Where to find training managers

To find the right training manager for your business, consider trying out a few different recruiting strategies:

  • Promote from within. If there are employees in your human resources department who show the potential to be a training manager, set up an interview with them to get a better idea of their skills and determine if they want the job.
  • Look online. Both freelance and full-time training managers may be advertising their expertise on online platforms. Reach out to these individuals to see if they’d be interested in taking the job. 
  • Hang help wanted flyers. Posting flyers about the job can let the community know it’s open and attract candidates. 
  • Post your job online. Try posting your training manager job on Indeed to find and attract quality training manager candidates.

What are the types of training managers?

Training managers can specialize in different areas.
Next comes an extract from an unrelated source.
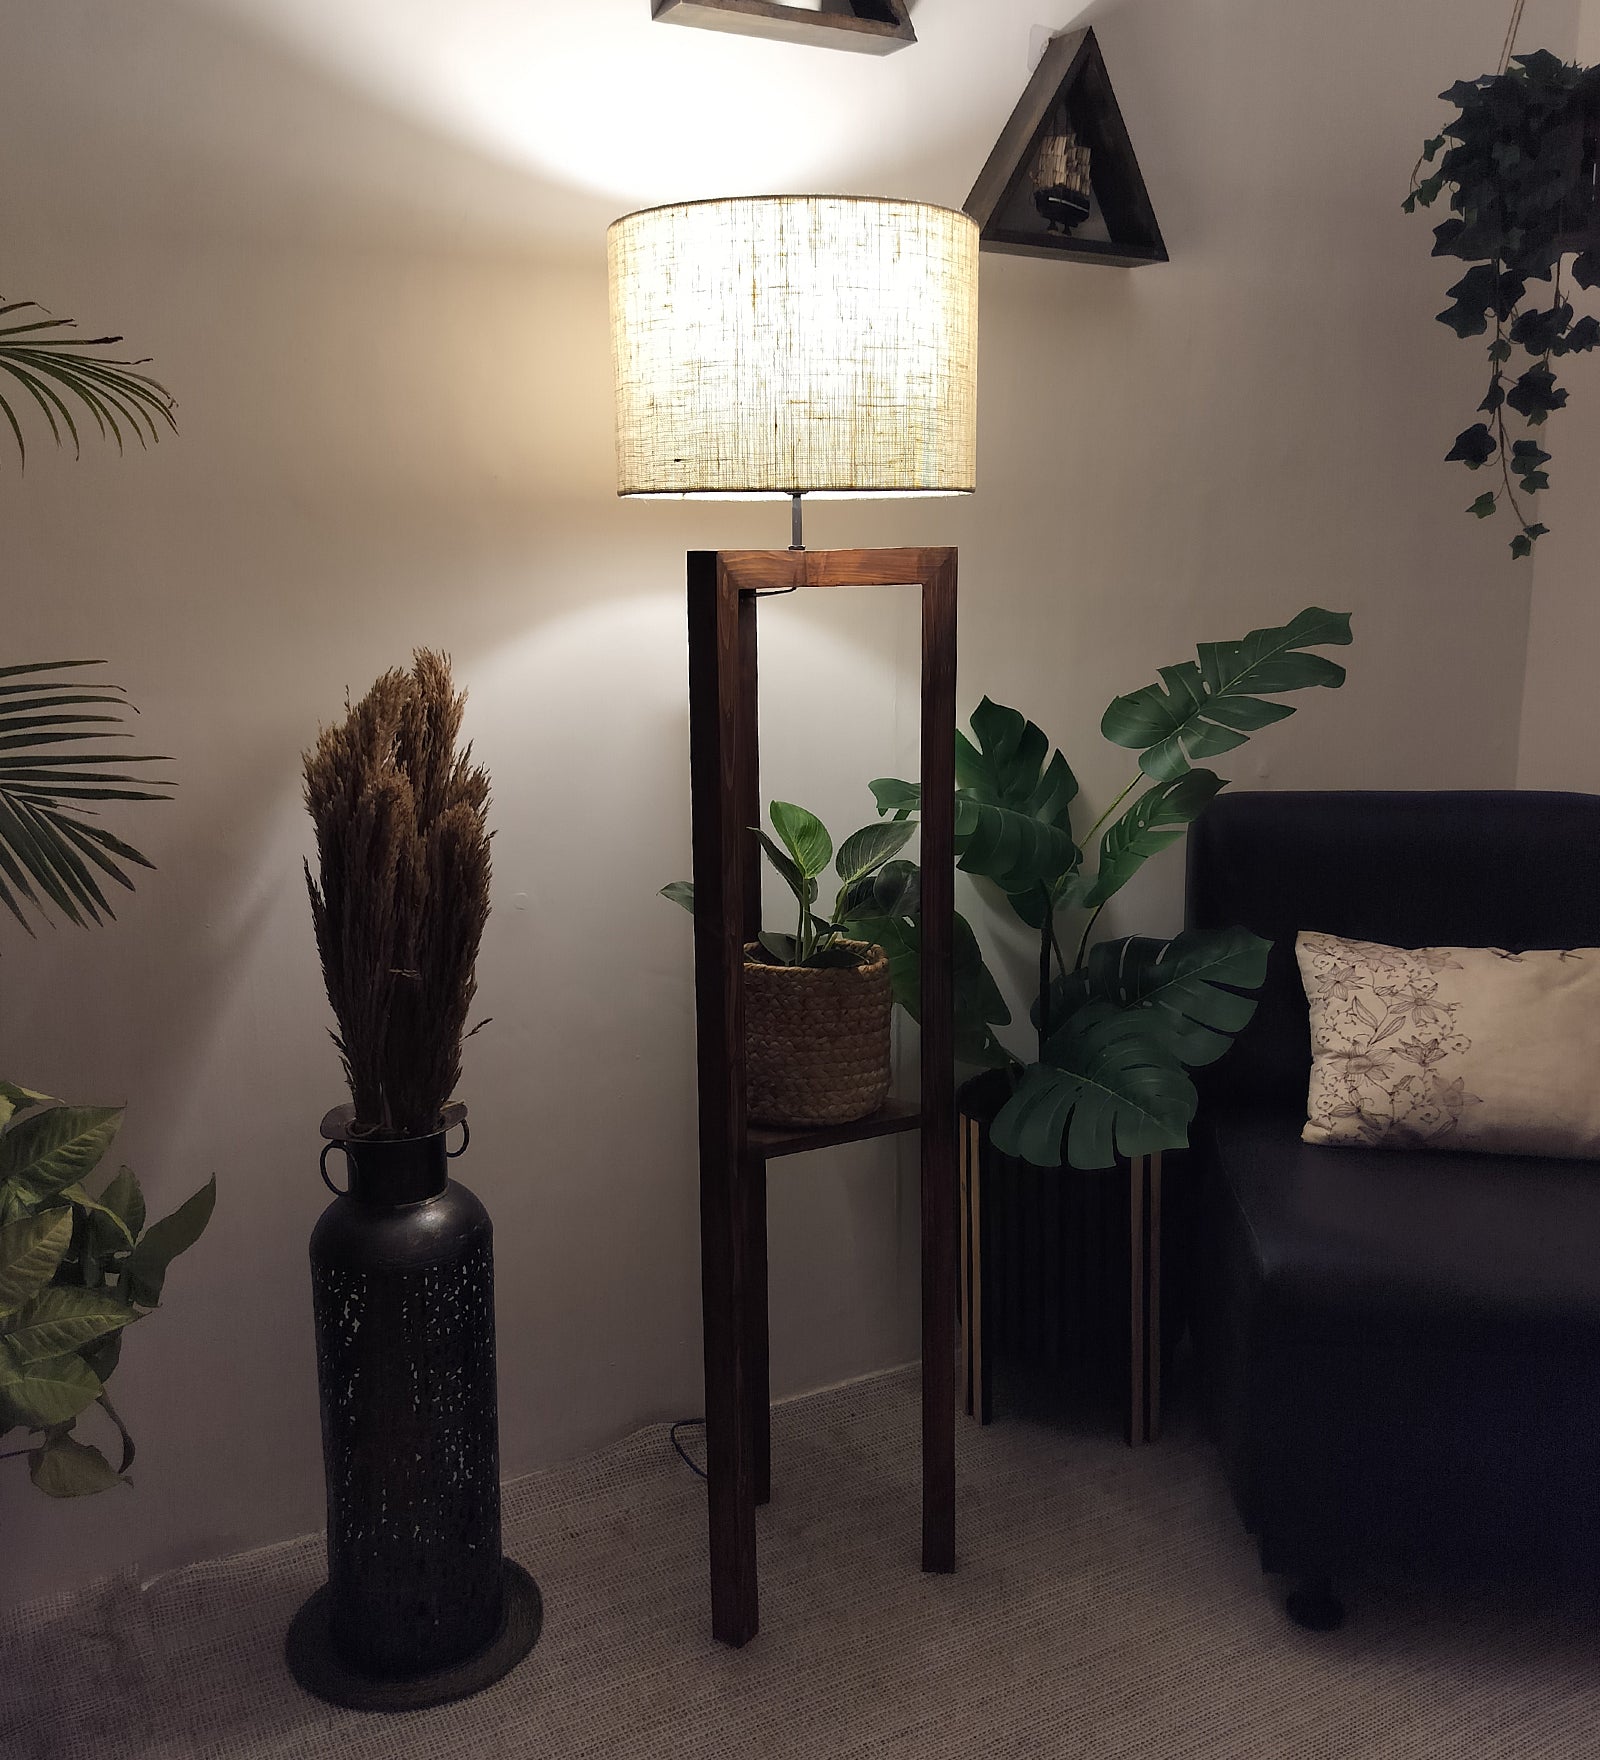 Triad Wooden Floor Lamp with Brown Base and Beige Fabric Lampshade (BULB NOT INCLUDED)

There are four primary types of training managers:

  • Crew training managers: Crew training managers work with low-level employees to ensure they have proper training on the company’s day-to-day operations. They can also train crew members who’ve been promoted to supervisory positions, such as shift leads. 
  • Management training managers: Management training managers train recently hired and promoted managers. They teach new managers how to perform opening and closing procedures, communicate with and manage their team, respond to complaints brought up by customers and prepare reports. 
  • Corporate training managers: Training managers who work with corporate employees teach them how to perform their responsibilities. These responsibilities differ depending on the department the employee works in. 
  • Retraining managers: Retraining managers are called in to retrain employees who’ve caused problems in the workplace. Some of these problems may include inappropriate behavior and harassment. 
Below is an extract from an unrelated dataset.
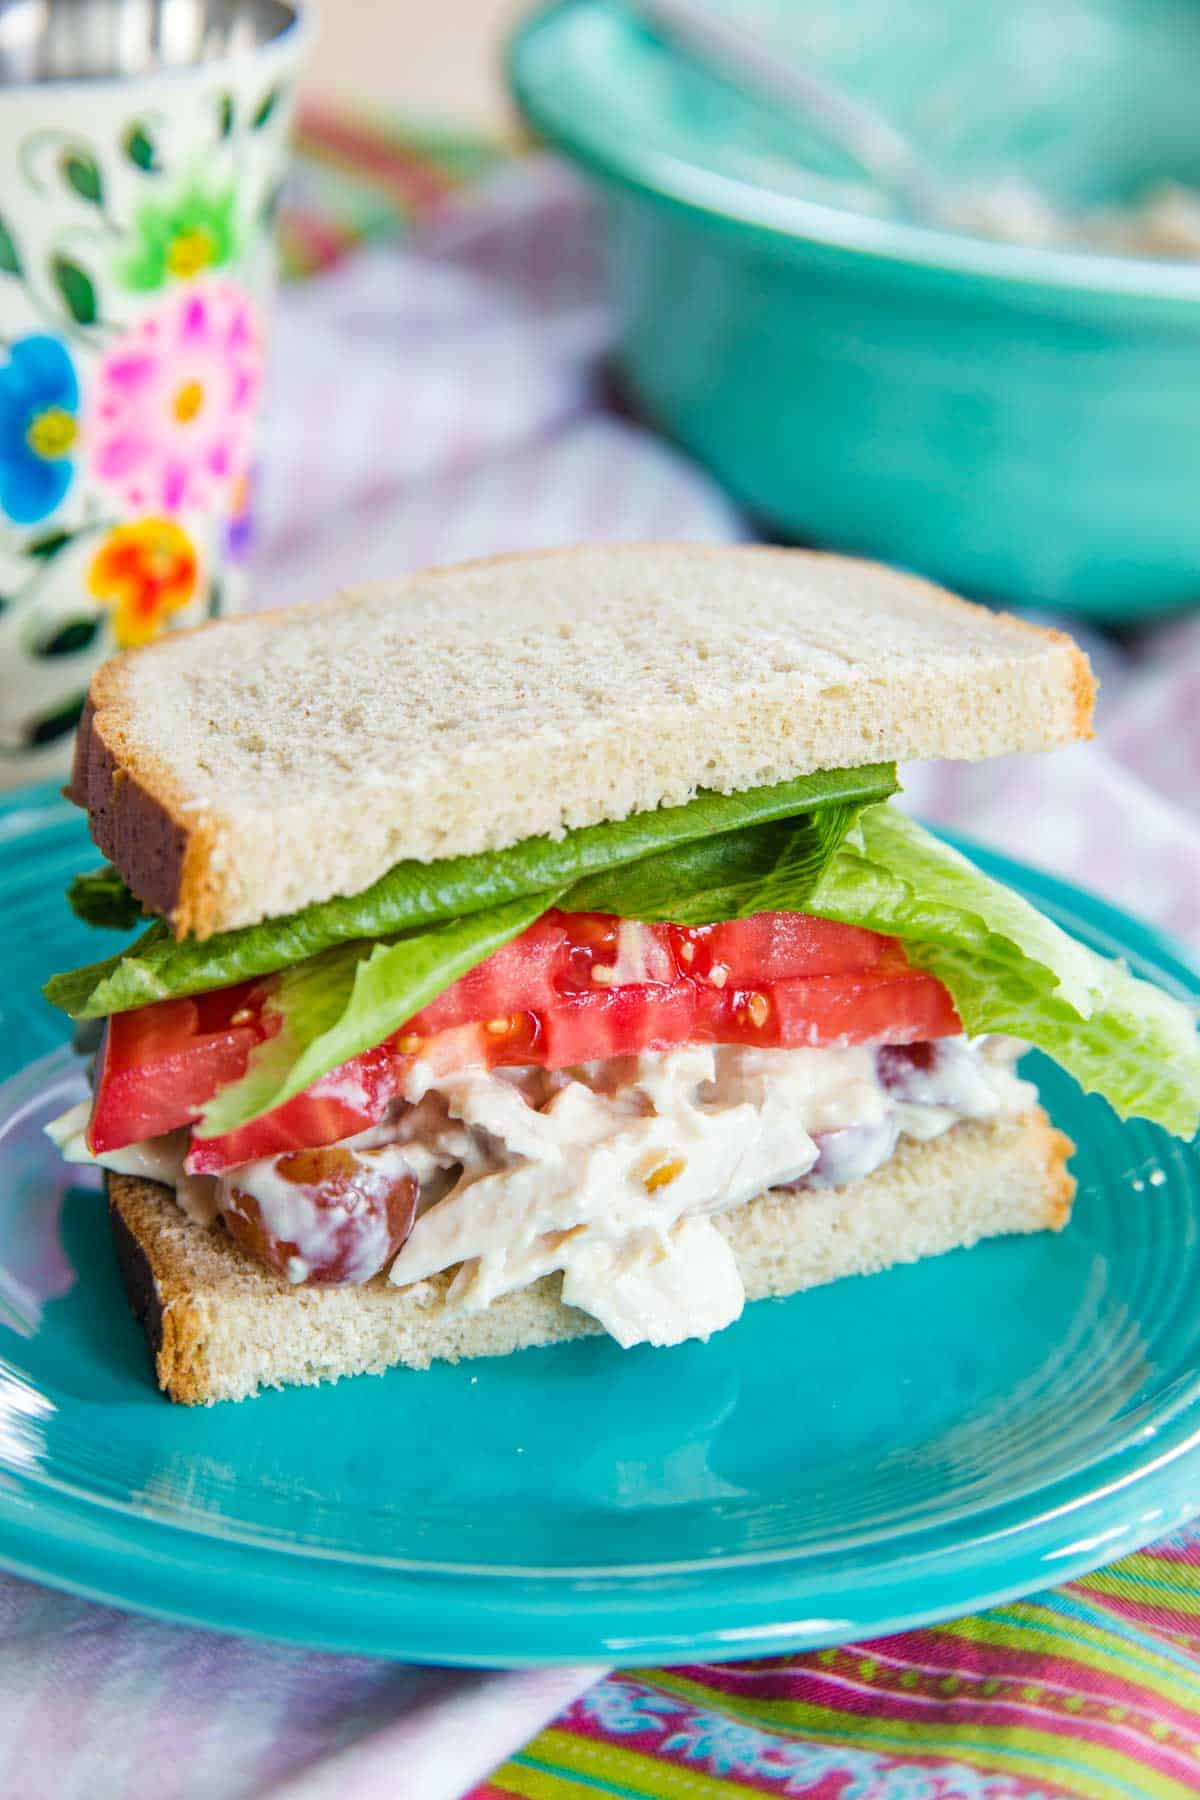 Waldorf chicken salad between two slices of bread with lettuce and tomatoes on a plate.

Writing a training manager job description

A thoughtful description can help you find qualified training manager candidates. A training manager job description includes a compelling summary of the role, a detailed list of duties and responsibilities and the required and preferred skills for the position.

When writing your training manager job description, consider including some or all of the following keywords to improve the visibility of your job posting. These are the most popular search terms leading to clicks on training manager jobs, according to Indeed data:

  • Training manager
  • Training and development
  • Human resources
  • Manager
  • Corporate trainer
  • Learning and development
  • Training
  • Management
  • Training development
  • Training specialist

Interviewing training manager candidates

Strong candidates for training manager positions will be confident answering questions regarding:

• Creating and updating company education tracks
• Delivering new employee training
• Assessing employee comprehension of new technology and methods

Need help coming up with interview questions? See our list of training manager interview questions for examples (with sample answers).

FAQs about how to hire a training manager

Do I need to hire a training manager?

Even if your employees seem to be working efficiently and properly, it may be a good idea to send in a training manager every so often to evaluate their performance and see if there are any areas that can be improved upon.

How do I keep my training manager happy?

One of the best ways to keep your training manager happy is to ensure your team is up to date on any recent corporate policy and procedure changes. You can also work to identify potential problem employees and have them retrained before it becomes an issue.